I will try to use similar logic., with some modifications.

Based on this input provide by you i have created the logic for that.

Is it working with tha above inpu file?

@Gokul001

Yes, working for this file and actual data too; however, it is arranging all the codes on collumn2. Hence unable to recognize what column1 values belong to which Col2 codes.

actually let me explain why i want to delete those duplicates as it is transaction ID and column 1 is data for that, so if transaction id is repeating it might be taken as another transaction …hence i thought to remove those duplicate …

from 1 id to other new id all data should be of 1 transaction only

Code Output-
image

Expected Output:
image

@S_Nitin ,

Could you provide us with the Data Scenario where the Logic provided does not work and provide us the Expected Output for that Data. We will be able to help you out faster and with accurate logic once we get the data samples.

Have you revied this Workflow @S_Nitin

  1. Will Filter the Column2 with contains M-IND store that in the Dt_Filter_M_IND.

  2. Will Filter the Column2 with not contains M-IND store that in the Dt_Filter.

  3. using LINQ expression i will Keep the First Row and element the second one. → DT_Dupli

  4. Use Merge data table - Source -> Dt_Filter and in the Destination - DT_Dupli

Hi @Gokul001 ,
Thank you for your time!
I have gone through the .xaml you have provided and understood too. It works! It is not deleting anything from col1 and deleting mentioned specific duplicates from column 2… Agreed !
But , it is appending col2’a imp data rows at the top, Hence it is difficult to understand the which rows belong to which special code in column 2.

Here, as per pic apple ,sea, Monday is the transaction data for M-IND.45.VC (id)

e.g.
image

Pic attached to show expected output.

@supermanPunch
Thanks for your time Arpan,

I have added 1 more row to my excel and explained the issue too.
Data.xlsx (138.1 KB)

Problem is it is deleting the rows which has same values in col1 and col2, so crucial data from col1 is getting deleted.

@S_Nitin ,

A Bit of analysing on the Excel sheet data submitted, can we come to a conclusion that if only all the column values are repeated in multiple rows we would require to delete it ?

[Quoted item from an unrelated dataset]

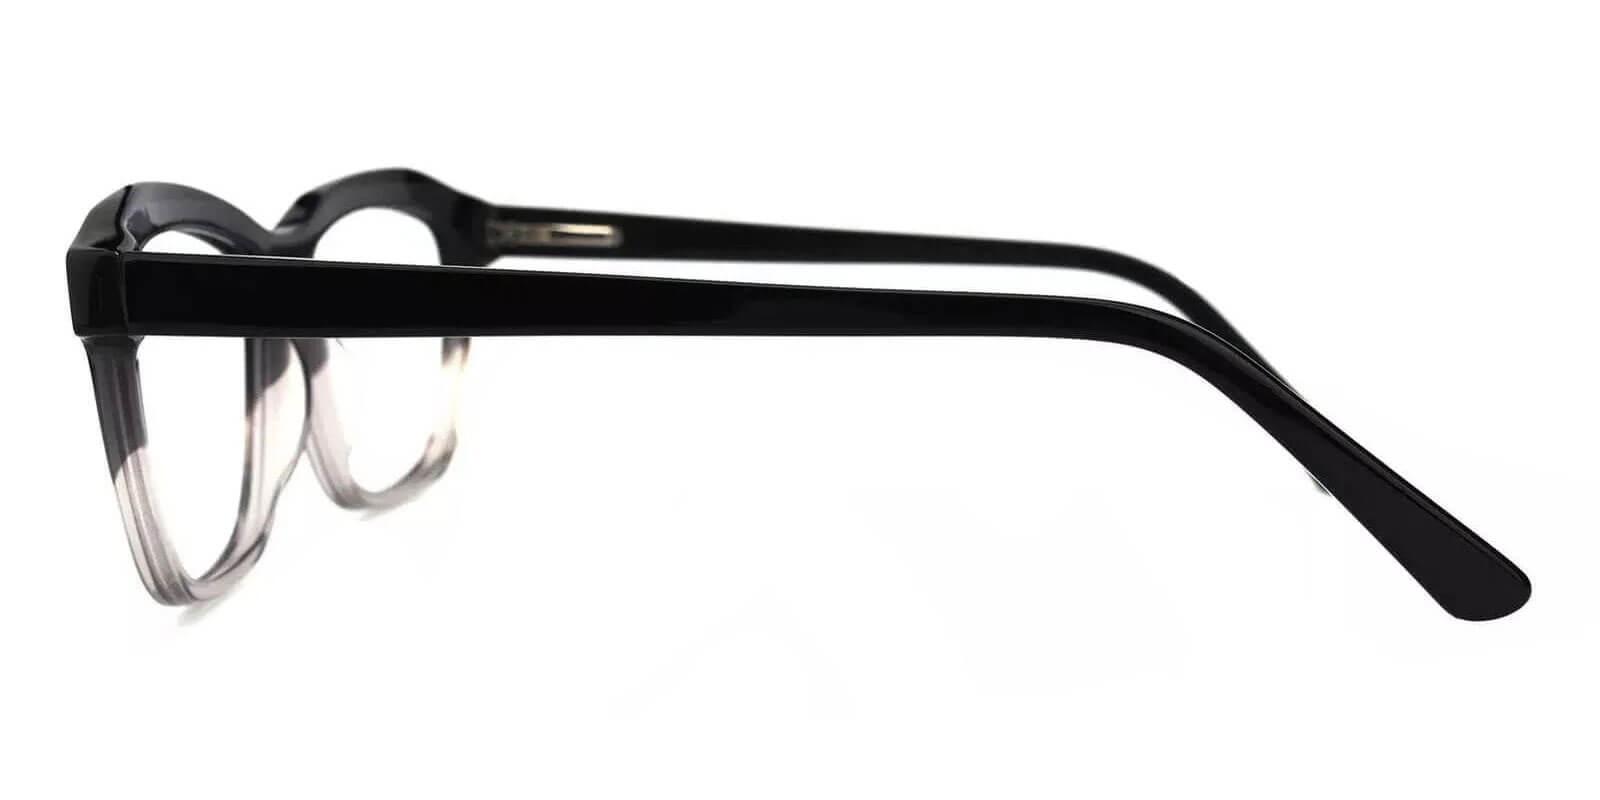 Sonia Translucent Acetate SpringHinges , UniversalBridgeFit , Eyeglasses Frames from ABBE Glasses

If we are concentrating on the conditions of Delete part only, we arrive at that same conclusion. Because the condition of Sun, Chennai has repetition and not being removed is not specific to that value but as general condition (mentioned as this belongs to different code in col2 - could not properly get this part).

So with maybe slight modification I do get the Expected Output (with 1 row being interchanged) :

DT.AsEnumerable.GroupBy(Function(x)String.Join(",",x.ItemArray)).Select(Function(x)x.First).CopyToDatatable

Do let us know if this does not work.

@supermanPunch -
Thanks for reply!

Let me try to explain in better way-with new input file (attached)

  1. Delete row (only 2nd occurrence) if all the column values are repeated in multiple rows.
  2. But add condition like that 2) -( 2nd column value of that row must have unique value M-IND).
    If, this value is not there, keep the repeated rows as it is. e.g. Sun Chennai (has no M-IND in it)
    DataFinal.xlsx (140.0 KB)

Hi,

Finally, I achieved the expected output with vb.net code.
Invoked in UiPath.

Still, thanks you @supermanPunch @Gokul001 @Palaniyappan @Dilli_Reddy - I got to learn many linq queries by you all and inspired to upskill :slight_smile:
Maybe I was unable to put my issue properly here hence, I might not get the solution. As your give queries were working for the sample data i gave.

Code Below:

Dim rowsToRemove As New List(Of DataRow)

’ Create a Dictionary to track row counts based on column values
Dim rowCounts As New Dictionary(Of String, Integer)

’ Iterate through the DataTable
For Each row As DataRow In DT.Rows
’ Combine values from columns you want to use to check for repetition
Dim key As String = String.Join(“|”, row.ItemArray.Cast(Of Object)().Skip(1)) ’ Skip the first column (index 0)

' Check if the key is already in the Dictionary
If rowCounts.ContainsKey(key) Then
    ' This is a repeated row
    If row("ColumnNameForSecondColumn").ToString().Contains("M-IND") Then
        ' If the second column contains "M-IND," mark it for removal
        rowsToRemove.Add(row)
    End If
Else
    ' This is the first occurrence of this row, so add it to the Dictionary
    rowCounts(key) = 1
End If

Next

’ Remove the marked rows from the DataTable
For Each rowToRemove As DataRow In rowsToRemove
DT.Rows.Remove(rowToRemove)
Next